Phil 'n' Hazel's Adventures



    In a nut shell this web site, and the four books that it spawned, are about my mid life crisis, which incidentally didn't come anywhere near my 35rd birthday: presupposing I'll make the biblical three score and ten. Worried that time wasn't our side, and cloning is still in its infancy, my wife and I decided to take a two year sabbatical and drive around Europe in a caravan on the cheap. And before you ask, I don't mean 'budget', I definitely mean cheap.

    Hazel, my wife, had just retired from nursing, and I'd basically stopped going in. I wasn't missed. At the time we didn't own a caravan, had never slept in one and had certainly never towed one. Consequently we knew bugger all about them but I was confident they came with a manual. They do.

    Well that was the plan. We set off in June 2011. We didn't know who we'd meet, where we'd end up nor what we'd see when we got there. We didn't even know if we'd return. But to be honest we didn't give a toss. Like most people we'd planned our lives, or at least that part of it we could actually plan, to a staggering degree. I ask you, would you do tomorrow what you'd planned if we knew it was going to be your last? No, of course not, you'd be far too busy panicking. So we shoved off from Blighty and wandered aimlessly around Europe; lost for much of the time: never buy a cheap GPS

    Two years quickly turned into five and then our way of life. In that time we visited thirty two European countries and had more adventures than you can shake a rucksack at. We came close on three occasions to accidentally killing ourselves, five if you include Hazel's attempt at blowing up the caravan, and then later setting it on fire by using a faulty electrical appliance. In those four years I discovered that no two campsite showers worked the same. How a washing facility, with only two working parts, can vary so much is a mystery, but it's one I explored in depth. I also discovered that, while we're all basically the same, collectively, as nations, we're all quite different.

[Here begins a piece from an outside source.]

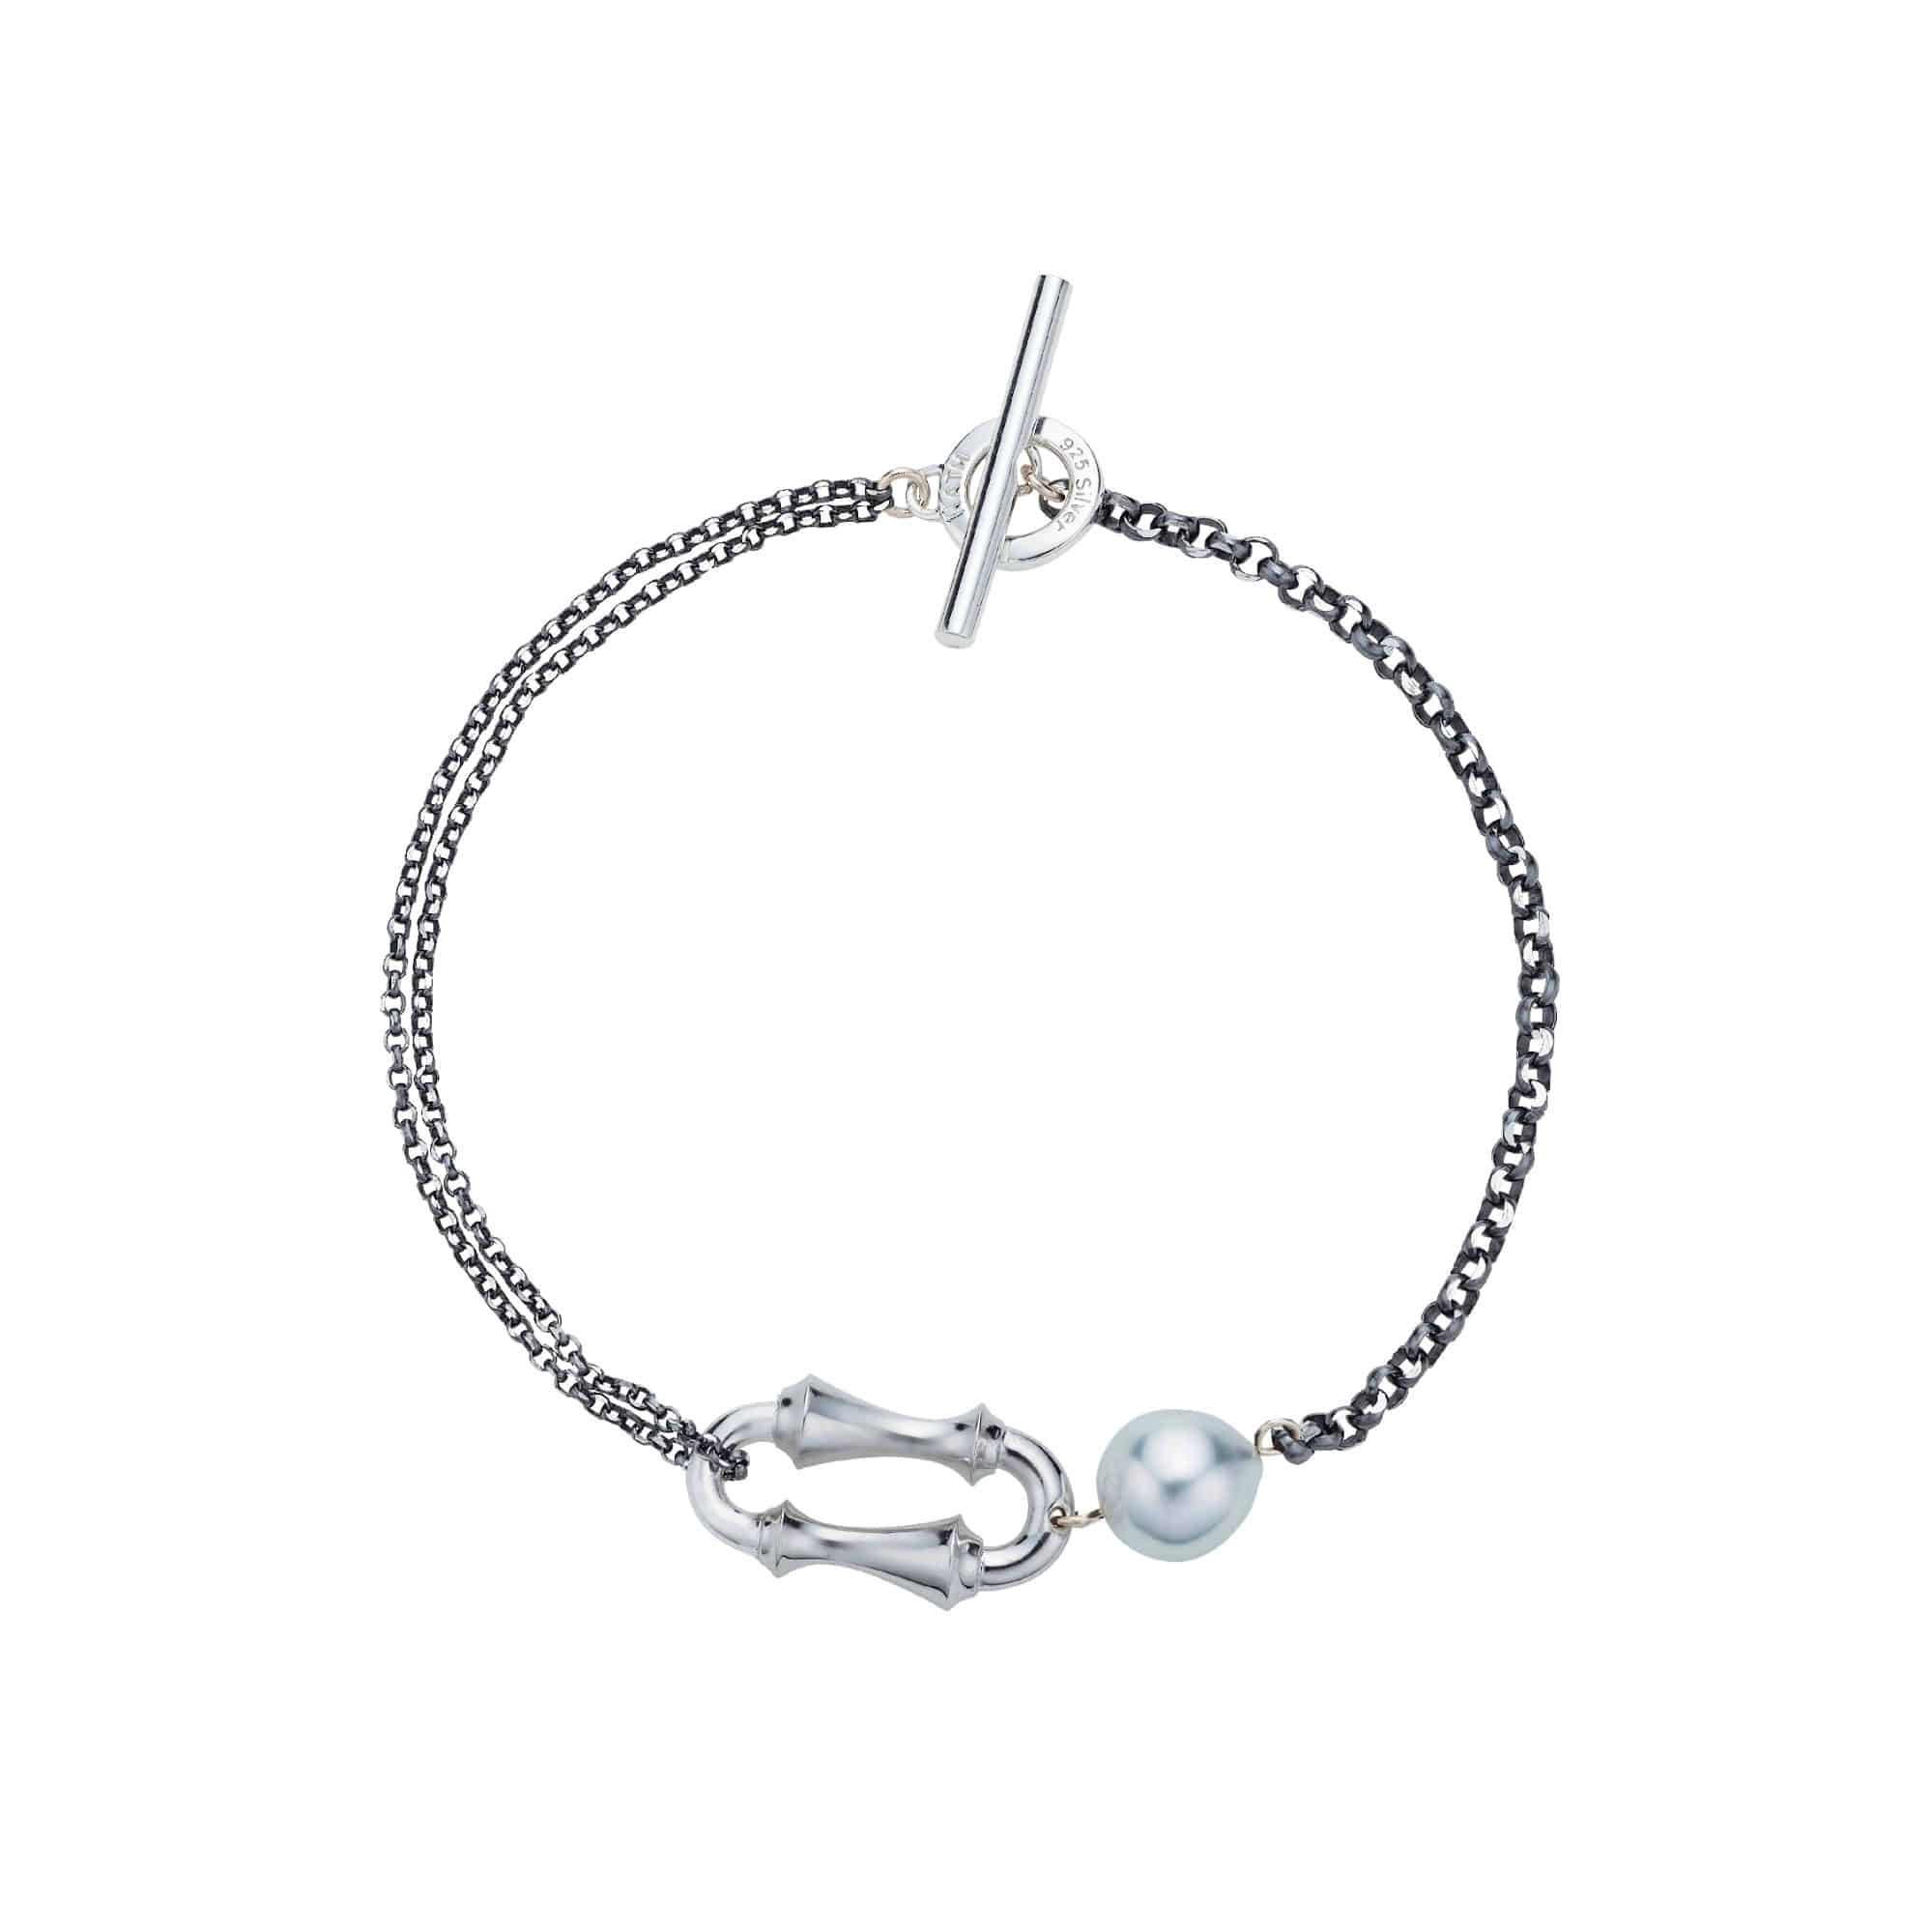 ARC T2 Bracelet in Sterling Silver with an Akoya Pearl (Oxidized Silver Chain)

    On route I answered many of the questions for which answers are long overdue. Such as, do the French really dislike us or is that just a rumour spread by The Daily Mail? Why do Germans eat so much pork? Why do Latvian girls all look so glum? Why is it legal to have sex with animals in Sweden? Why is Finland so boring and why are the Dutch so annoyingly good looking and friendly?

    Then there's the bigger questions I tackled. Such as: Doesn't logic dictate we should stop listening to experts? Is life expectancy on the increase or is it just a political plot to get us to work longer for less? I do the maths and come up with some myth busting results. I also point out why leaving the EU would be suicide for us Brits, and I give the definitive answer to that age old chestnut, what's the secret of happiness?

    The point of my web diary, and why I started it, was so that our friends and family could check we hadn't backed the caravan, ourselves inside, off the edge of a cliff. Nor had we been sold into slavery. I wrote daily about our experiences and soon discovered I had a growing readership. My meanderings - some would say rants - touched a nerve and interested others. I started getting questions, comments and advice from people. So I expanded the site to encompass every facet of the adventure. I recorded the highs and lows. The places and people of interest. I catalogued the odd and weird, all the while anally keeping a record of what it was all costing us.

    Due to popular demand – a guy in a pub said I should write a book about it - I've now turned four years of diary entries into four books. Each book is an irreverent tongue in cheek look at living in something not much bigger than the average bathroom for a year. They are, dependant of your view point, full of useful information and observations that would have helped anyone circumnavigate Europe. I say 'would have' because, now we're leaving the EU these books may be the only way of living that experience, albeit through my eyes.

    They're not travel guides. In fact as travel guides go they suck. They are about me, a quite normal male representative of mankind, struggling to fit into a world that makes little sense, and, while I have made every attempt to upset nobody any of the books, it's safe to say I've failed.